Wrote this little piece futzing around once upon a time during a high school free period.
On the sandy dunes of a distant yet familiar world lived Dhya, a timid fifteen-year old girl. She lived a quaint life with her overbearing parents. She never got to see the world as it really was beyond the vast brown plains that surrounded her home. She longed and longed to have friends but passed the days wallowing about her lonely sand hut.
Phen, a young wanderer, had lost his way, now dying of thirst on the outskirts of Dhya’s desolate hometown. Dhya was making potato stew for her weary parents. They had just returned from a hunt, and they had brought back nothing. She whiffed then looked out the window and noticed a tiny speck. Seldom did she notice a change of scenery, and never had she even the prospect of a visitor. With sudden uplifted spirits, Dhya turned off the sand stove and dashed out the door escorted by a thinly-veiled excuse. It was a sandmeter or two before Dhya realized that something was off; the speck wasn’t moving. Gradually, she started running frantically towards it. Phen had fainted from dehydration, but luckily Dhya carried pocket elixirs in the event that her parents were out during the arid aftermath of a rainshower. Dhya revived him successfully, and their eyes met inquisitively. Dhya’s delighted to see another like her, and Phen’s stirred at his unlikely savior.
“Who are you?”
Dhya inquired. Phen did not respond. He lacked the breath to even mutter coherent words.
Still wondrous and baffled, Dhya motioned him towards her home. But Phen gestured no. Instead, he motioned the very opposite direction - towards the high mountains that decorated a possibly wonderful place - beyond them glared a resplendent aurora at which Dhya ached and throbbed with curiosity. Dhya thought about her parents for a moment and then thought about how long she had lived the same dull way in her sand hut. She meandered between the two prospects, but before she could even decide, Phen pulled her away.
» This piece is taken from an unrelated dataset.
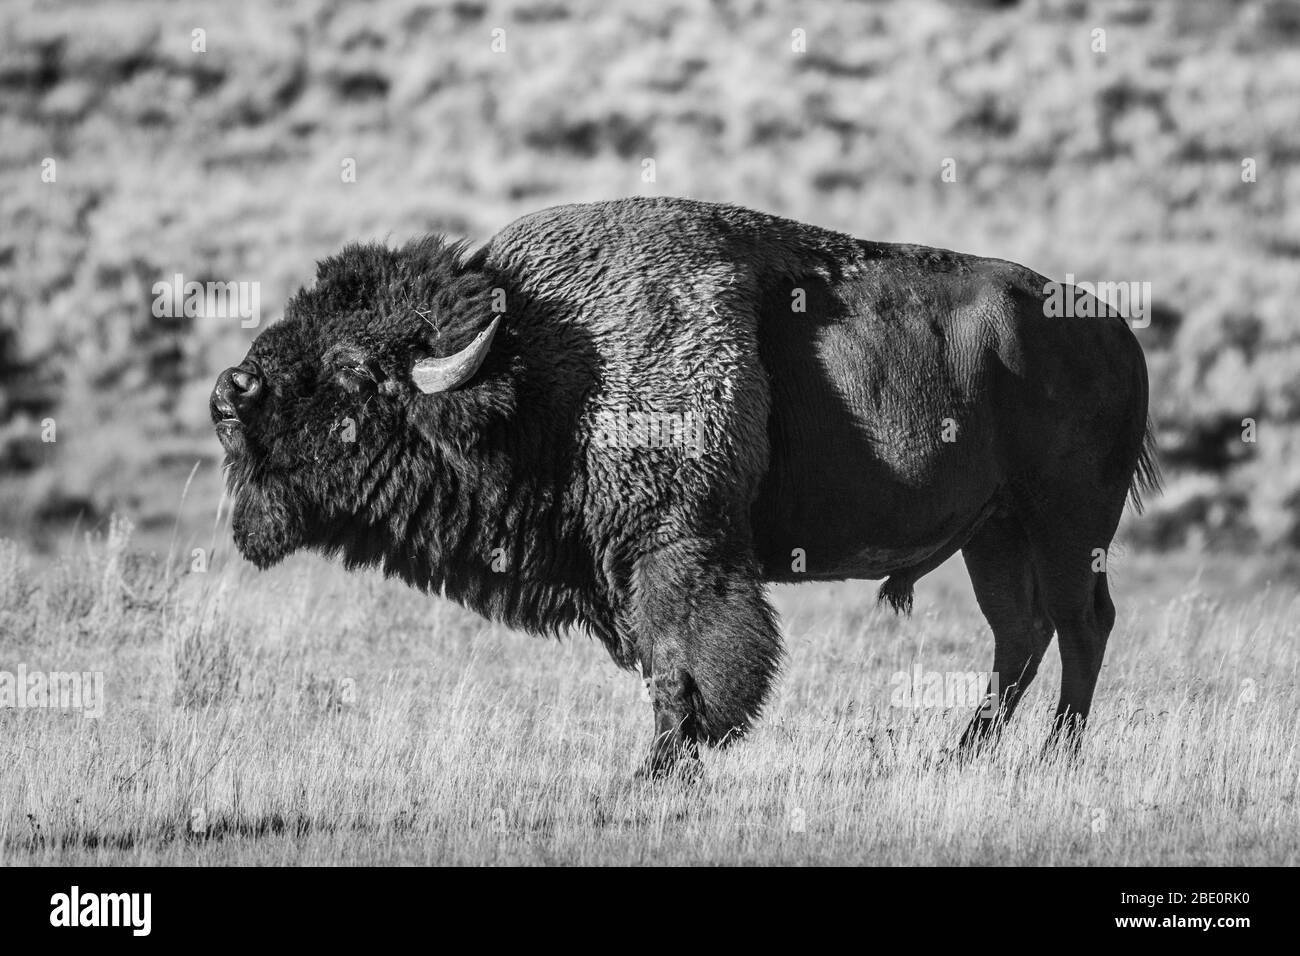 Un bison des taureaux (alias buffle américain) affiche la réaction de Flehman (alias, courbe des lèvres) pendant le rut (alias, saison d'accouplement) dans le nord-ouest du Wyoming. Banque D'Images

The journey itself was long and arduous, but for Dhya it was fleeting. All she could think about was what lay on the other side of those mountains. In no time, they were at the steppe and just across it was something wonderful. But Dhya stopped in her tracks. Phen tried to push her along, but she did not budge. Her head hung low - she turned around, her shadow cast over Phen like a cloud. Phen looked at her, but she shook her head. He looked at her more urgently, and she responded by taking one coy step away from him. It was at this moment that Dhya realized that she desperately yearned for her mother and father. She longed for the dry confines of her dune hut - the consistency and the promise of tomorrow and the potato stew she had made. Phen understood, but it was not his prerogative to escort Dhya back. It was here that they parted. Dhya feared the way back. She had not noticed the great silence and emptiness of the world. She overwhelmed herself with thoughts of her parents, her golden hammock, and the taste of the potato stew. She could see her hut on the horizon, and it calmed her frantic heart. She accelerated more and more as her anxiety crept over her lagging shadow. She dashed into her hut with the same enthusiasm she had initially dashed out. Her once usually listless parents, speechless and on the brink of tears, were there to embrace her. She could not be happier.
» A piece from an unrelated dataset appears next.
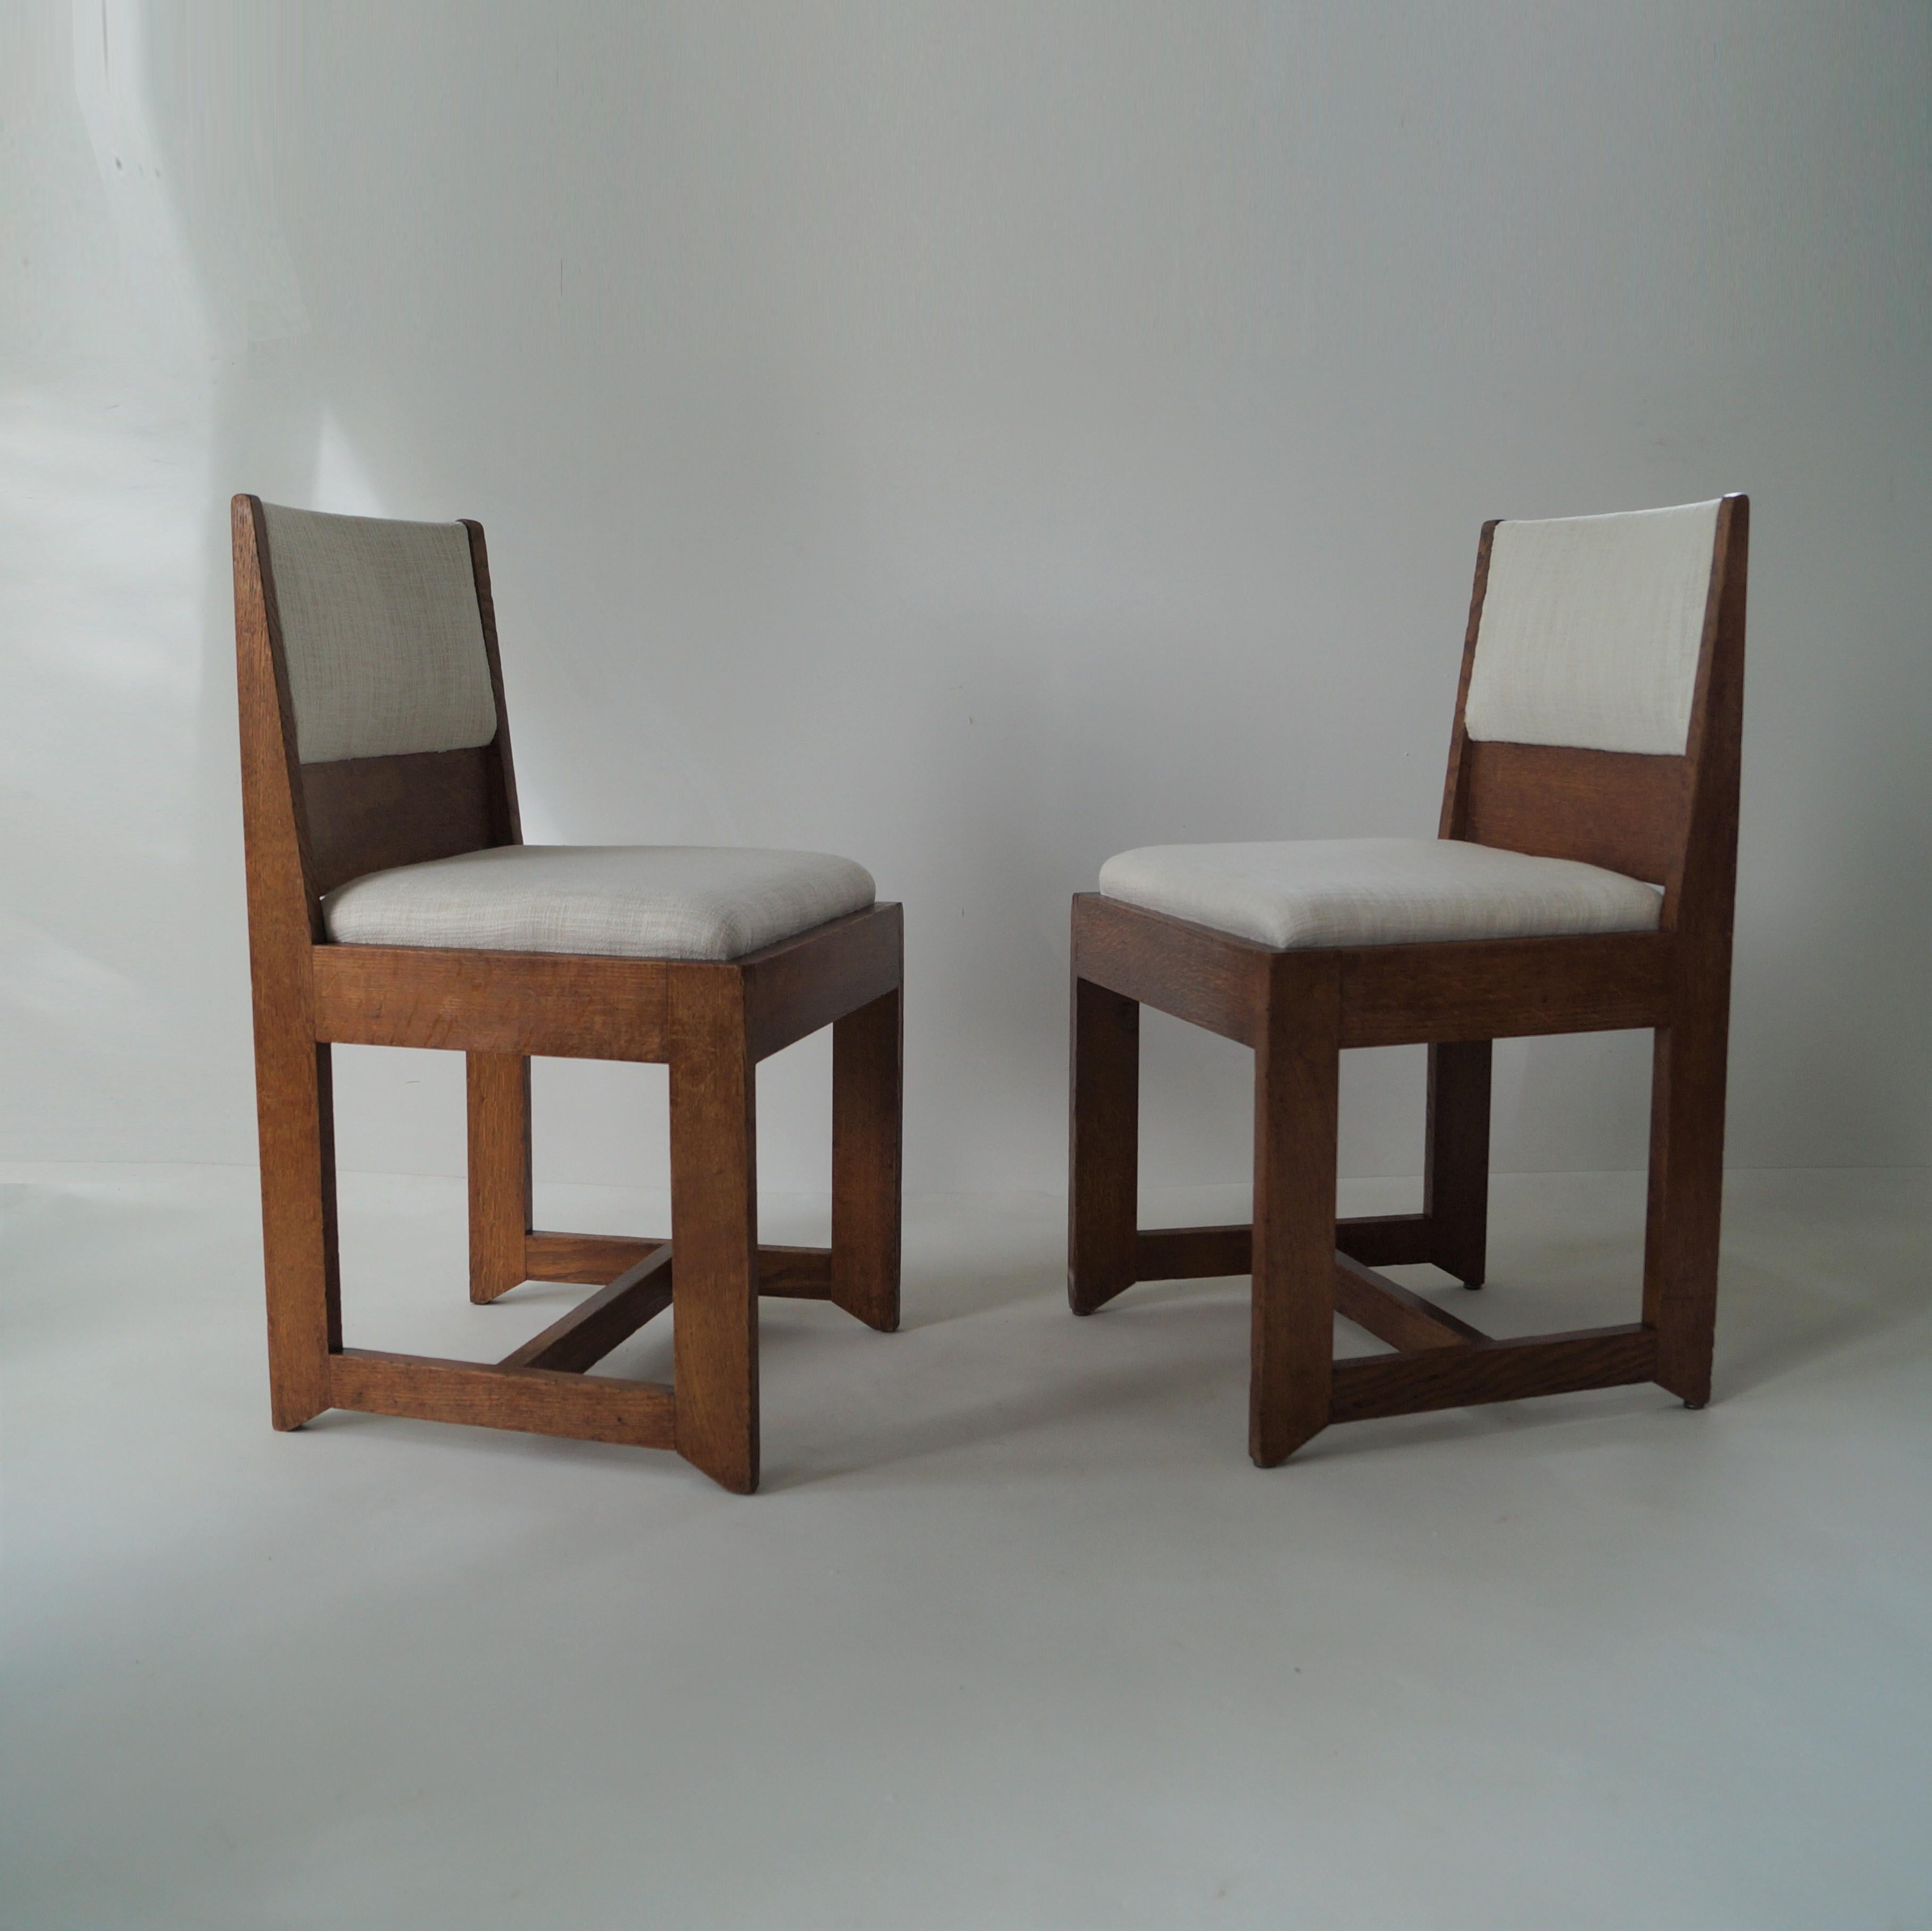 Ensemble de chaises de salle à manger ou d'appoint bij Hendrik Wouda pour Pander, 1924. Moderniste, rationaliste et école de Haagse. Les chaises sont retapissées dans un tissu clair. 

Hendrik Wouda (1885 - 1946) était un architecte, architecte

That night, she savored the taste of the leftover stew her parents kept warm for her and tucked herself into her sturdy hammock. Once more before she drifted off to the land of her dreams, she glanced outside the sand hut window and thought she saw Phen. She blinked - but he was already gone. In her dream, she saw again that mystical glimmer of the city beyond the mountains.
She woke up, relentlessly rubbing her eyes as if to remove the incredulity that stained her face. She dashed out in her nightwear, and in the breath of the hot morning air, next to her once lonely sand hut, she watched as Phen drank his morning stew in the beginnings of his own abode, smiling. She smiled too for she had a friend.